SU DİYETİ GİBİ ŞOK DİYETLERİN ORTAK ÖZELLİKLERİ NELERDİR?
• Bireye özgü değildir.
• Kısa sürede hızlı kilo kaybı vaat eden ‘sihirli – şok’ diyetlerdir.
• Kişinin gereksinimine göre düzenlenmemiş, kontrol altında yapılmayan ‘ÇOK DÜŞÜK KALORİLİ’ diyetlerdir.
• Monoton ve can sıkıcıdır.
• Kişiye Yeterli ve Dengeli beslenme alışkanlığı kazandırmaz.
• Gerçek kilo kaybı yerine sadece su kaybına neden olabilir (özellikle diüretik ilaçlar kullanımıyla).
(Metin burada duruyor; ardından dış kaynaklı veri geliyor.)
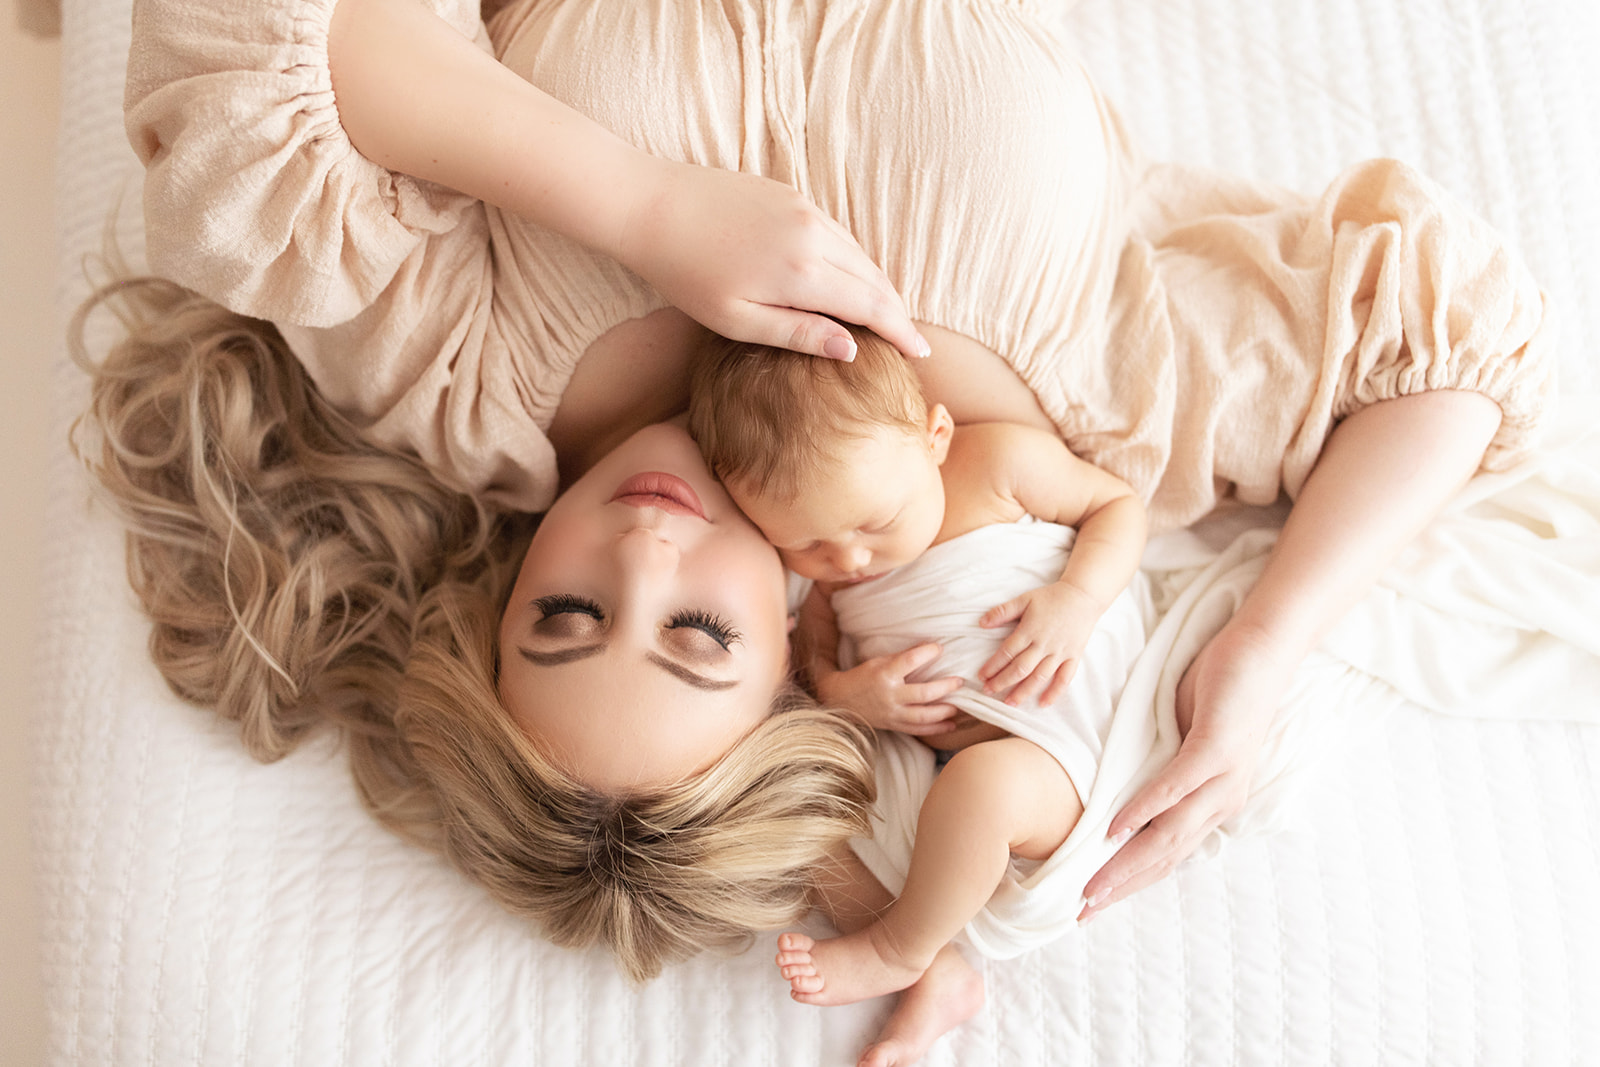 Mom wearing a beige dress cuddles with her newborn on a bed golden lotus doula services

PEKİ; BU DİYETLERİ UYGULAYAN KİŞİLERDE NE GİBİ SAĞLIK SORUNLARI GÖRÜLEBİLİR?
• Baş ağrısı, sinirlilik
• Konsantrasyon bozukluğu
• Yorgunluk, uyuşukluk hali
• Kalp çarpıntıları
• Hipotansiyon (Düşük tansiyon)
• Bulantı, kusma
• Kabızlık, Diyare (İshal)
• Karında şişkinlik
• Safra taşları
• Kadınlarda Menstrüasyon düzensizliği
• Soğuğa karşı duyarlılık
• Kuru cilt
• Saç dökülmesi
• Vücutta elektrolit dengesizliği
• Yüksek Kolesterol
• Ürik asit düzeyinde yükselme
“SU DİYETİ” GİBİ ÇOK DÜŞÜK KALORİLİ DİYETLERDEN UZAK DURUN
Yanıltıcı kilo kaybına sebep olan şok diyetlerden uzak durulmalı; sağlıklı beslenmenin temel ilkesi olan farklı renk ve çeşitte besinlerden yeterince, ihtiyacımıza uygun olacak şekilde beslenmeye önem verilmelidir.
SU DİYETİ GİBİ DİYETLERİN SONUCU YO-YO SENDROMU MU?
Ayrıca bu tarz diyetler uzun vadede yağ kaybından çok kas ve su kaybı sağlamakta olup; ani ve aşırı verilen kilolar bireylerde “ağırlık döngüsü” veya “Yo-yo sendromu” na sebep olabilir. Ağırlık döngüsü durumunu şu şekilde özetleyebiliriz: Azalan kas kütlesine bağlı olarak metabolizma hızının düşmesi sonucunda bireyin enerji ihtiyacı azalır. Diyetin rutinleşmesi ve sürekli yetersiz enerji alımı bireylerin karbonhidrattan zengin besinlere yönelimini ve yeme ataklarını arttırır. Sonuçta birey tekrar ağırlık kazanımı yaşar ve kas kütlesinden daha fazla miktarda yağ kütlesi kazanabilir.
Kilo vermek istiyorsanız Diyetisyene gidin. En doğru kilo verme yöntemi: “Kişiye özel hazırlanmış diyet programı”dır.
Kilo vermek istiyorsanız sağlıklı ve kalıcı şekilde ağırlık denetimini sağlamak için bu işin uzmanı olan Diyetisyen desteği alın. Diyetisyeniniz size yasaksız, keyifli, sevdiğiniz besinlerden oluşan, hastalık durumunuza veya kişisel ihtiyaçlarınıza yönelik bir diyet programı hazırlayacaktır.